Inverse association between Paleolithic Diet Fraction and mortality and incidence of cardiometabolic disease in the prospective Malmö Diet and Cancer Study

The MDCS is a population-based prospective cohort study conducted in Malmö, a city in the south of Sweden. Baseline examinations were conducted between 1991 and 1996. All women born during the period 1923–1950 and all men born 1923–1945, which were living in the city of Malmö, were invited to participate (n = 74,138) in the study. Details of the cohort and the recruitment procedures are described elsewhere [9]. The only exclusion criteria were absence of mental capacity and inadequate Swedish language skills (eligible persons = 68,905). The participants filled out questionnaires covering socioeconomic, lifestyle, dietary factors, and recorded meals, and underwent a diet history interview. Anthropometric measurements were conducted by nurses. Weight was measured using a balance-beam scale with subjects wearing light clothing and no shoes. Standing height was measured with a fixed stadiometer calibrated in centimeters. Waist circumference was measured midway between the lowest rib margin and the iliac crest. During the screening period, a total of 28,098 participants (41% of the eligible persons) completed all baseline examinations (Supplemental Fig. 1). Of these, 2129 participants with baseline examinations in 1991 were excluded from the present study since the coding of vegetable and fruit subgroups were handled differently for the 1991 database — compared with later — thus precluding calculation of PDF with legumes excluded from other vegetables as non-Paleolithic [10]. A further 1865 participants with diabetes (n = 1177), a history of coronary events (n = 507) and/or stroke (n = 290) at baseline were also excluded. The remaining 24,104 participants who completed all baseline examinations were included in the present study. All study participants gave written informed consent, and the study was approved by the Regional Ethics Review Board in Lund, Sweden (Dnr LU51-90).

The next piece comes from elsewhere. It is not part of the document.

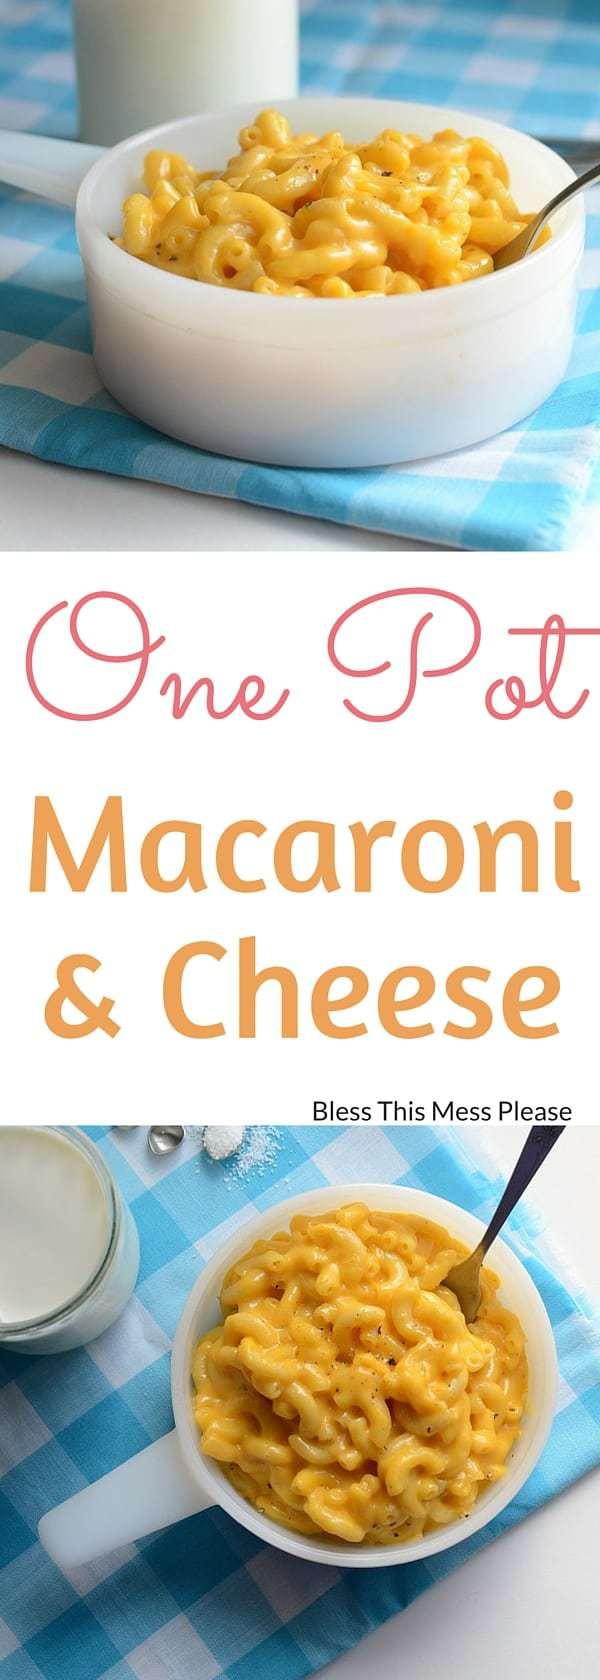 One Pot Macaroni and Cheese

Dietary data were collected once at baseline. The MDCS used an interview-based, modified diet history method that combined (I) a 7-day food record of meals that varied from day to day, usually lunch and dinner meals, cold beverages, and nutrient supplements, and (II) a 168-item food frequency questionnaire for the assessment of consumption frequencies and portion sizes of regularly eaten foods that were not covered by the 7-day food record. Finally, (III) during a 45-min interview, questions were asked on usual portion sizes and cooking methods of foods recorded during the 7-day food record. The MDCS method is described in detail elsewhere [11, 12]. The PDF association analyses were adjusted for a binary variable called “diet method version” because slightly altered coding routines of dietary data were introduced in September 1994 to shorten the interview time (from 60 to 45 min). The altered coding routines resulted in two slightly different method versions (before or after September 1994) without any major influence on the ranking of individuals [12]. The validity of the MDCS method was evaluated in the Malmö Food study 1984–1985, comparing the method with 18 days of weighed food records [13, 14]. The Pearson correlation coefficients, adjusted for total energy intake, between the reference method and the MDCS method, were in women and men, respectively, for intakes of bread 0.58/0.50, cereals 0.73/0.74, fruits 0.77/0.60, vegetables 0.53/0.65, low-fat milk 0.92/0.90, high-fat milk 0.75/0.76, cheese 0.59/0.47, fish 0.70/0.35, low-fat meat 0.51/0.43 and high-fat meat 0.80/0.40 [13].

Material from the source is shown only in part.